There was something about Martha. Everyone wanted Martha to be quiet, whereas I wanted to hear what she had to say. But I was not yet old enough to get her to talk…
Then when I was 12 years old; there was no one at home; I went to her and said: “You don’t believe in God; why? How did God anger you so much?”
She stopped and thought. She was deciding whether or not to talk about it. She chose to talk about it, her eyes staring at a single point, “They say blood was spilled,” she said. “A lot of blood was spilled…”
On that day, I learned from Martha not only the heart-breaking story of one of tens of thousands of Armenian women, but also the story of my family and my ‘unofficial’ history, which was not taught to me in Turkey.
She lived in her house in Ünye, Ordu, with her eight siblings, her mother, whose beauty she talked about all her life, and her father, whose strength she emphasised at every opportunity. One night, in the middle of the night, there was a knock at the door, they were taken outside, and all the villagers were gathered in the square. Children, men, and women were separated. It was the last time she saw her mother, whom she thought was so beautiful, and her father, whom she believed to be strong.
Her eyes opened wide when she spoke about the man who rubbed his thumbs down the children’s throats, not just the first time she told it but every time she told this story. It was as if I saw everything through her eyes, Martha’s child eyes, in those moments. My eighty-year-old grandmother would have been a little girl at the time.
Martha, the youngest child of the family, now also lost her older brothers and sisters, when she was separated off to the place where the small children were. Two men argued about Martha; one said, “No, this one is older. Take her to the back.” “No,” said the other, “She won’t remember anything, let her stay…”
While they were arguing, she ran away, and got lost. She went hungry until someone in uniform, a soldier, found her and took her home.
My grandmother said, “My new ‘mother’ never loved me.” She told me that the soldier tried to convince his wife:
“‘She’ll grow up, she’ll be a help to you, why don’t you want her?’ But his wife used to beat me. When my new ‘father’ came in in the evenings, he would take me in his arms and ask, ‘Did you eat your dinner?’
“In the morning, the wife would beat me again, saying, ‘If you sit on his lap again, I’ll break your kneecaps.’ When I was 13, the wife said to me, ‘you will run away from this house.’ I ran away, and I came here….”
It is not hard to understand why at the age of 13, she was advised by the ‘mistress of the house’ to run away from home. This girl, who would gradually step into womanhood, was now a risk; maybe she would become the second wife. It was not the solidarity of women but the jealousy of women that shaped Martha’s life at that time.
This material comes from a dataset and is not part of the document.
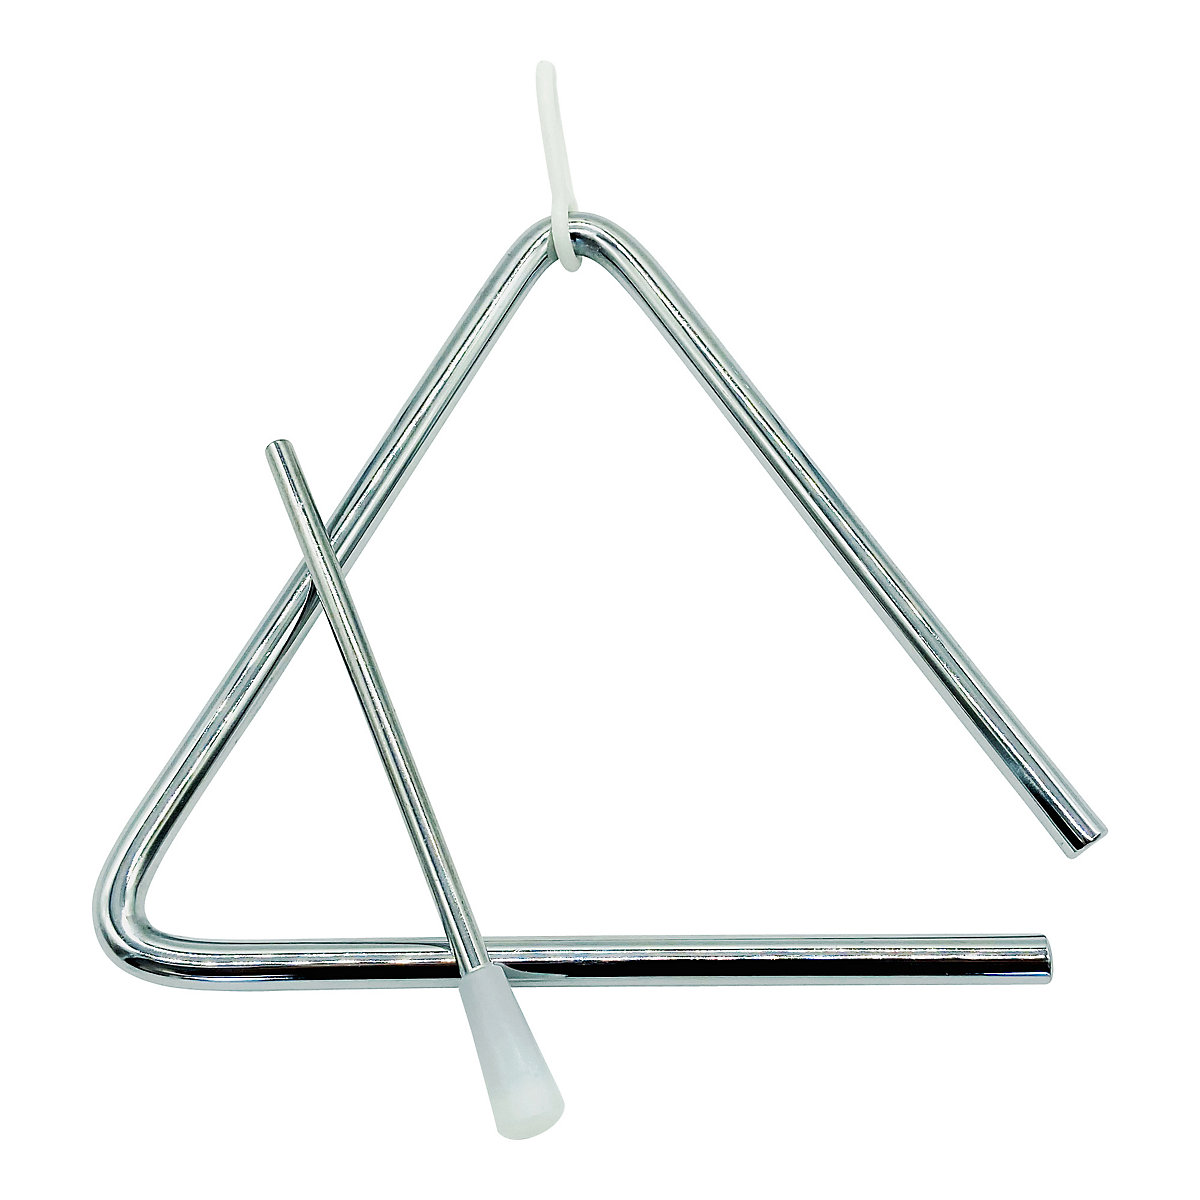 GICO Kinder Triangel aus Metall groß 15 x 15 cm mit Klöppel Schlaginstrument 3870
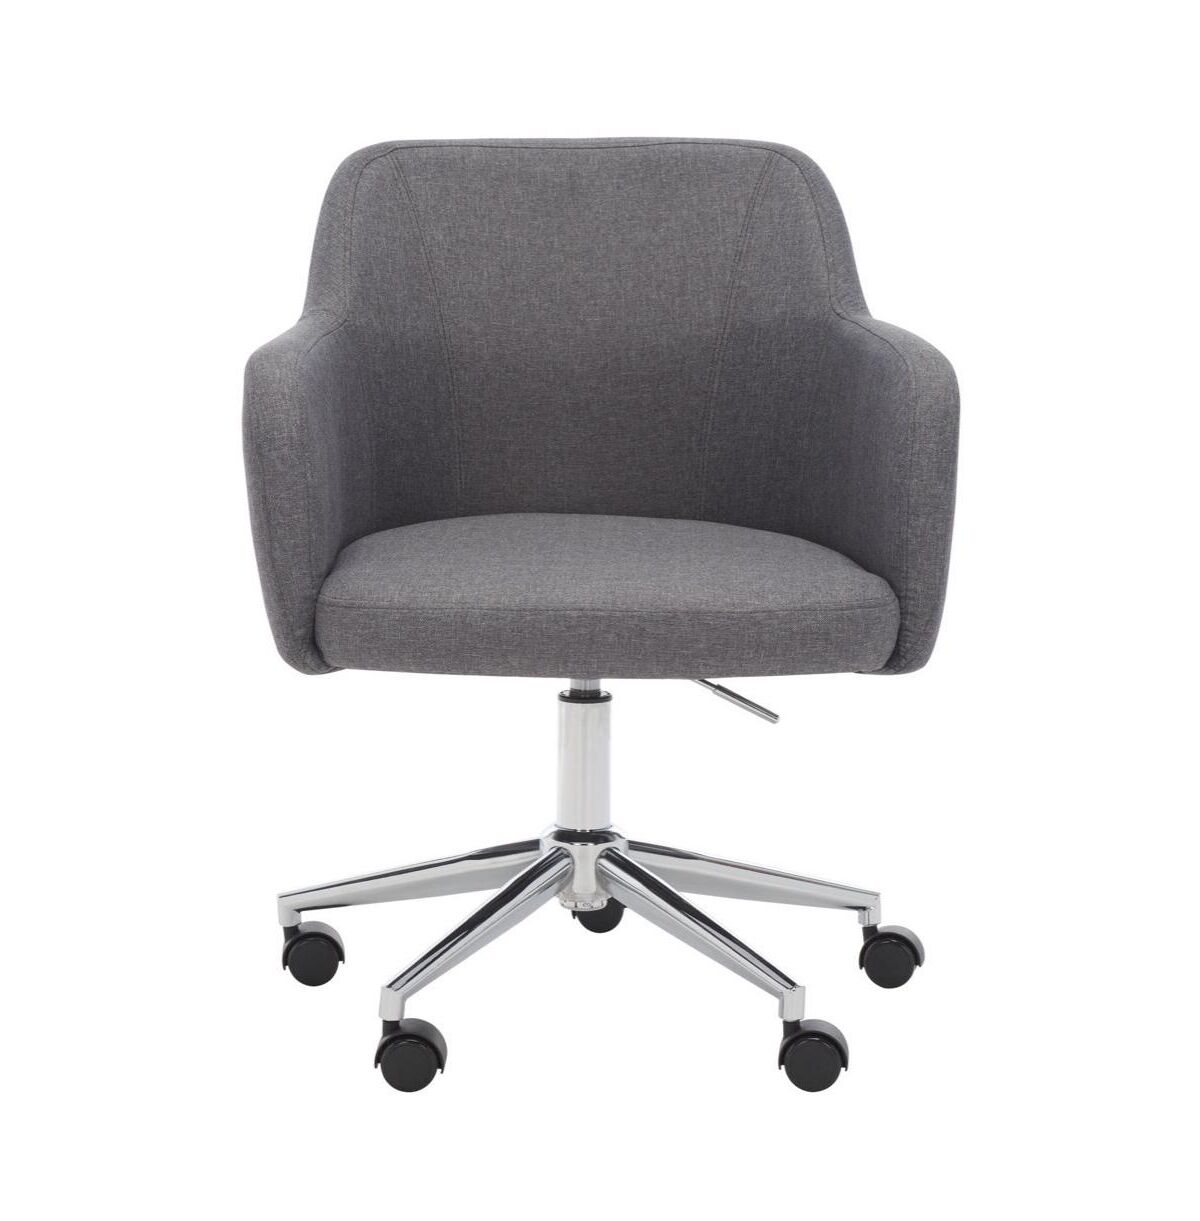 Safavieh Kains Swivel Office Chair - Grey/chrome

Martha was 18 years old when she came to Istanbul. I never did find out where she lived, how she lived, what she ate and drank, who she dealt with, or what she had been through in the years in between. Whenever I asked her, she cried; she never told me.
I can understand that those years were not very bright for her, as she had to marry a poor man with three children despite being a beautiful and talented woman.
My great grandfather Ardaşes, Martha’s elderly husband, is from Sivas. He was a boy who had managed to survive in that period. He grew up a little and fell in love with the daughter of a Kurdish tribal chief, but the chief would not give his Kurdish daughter to an Armenian, and he could not find any solution other than to flee to Istanbul with his beloved.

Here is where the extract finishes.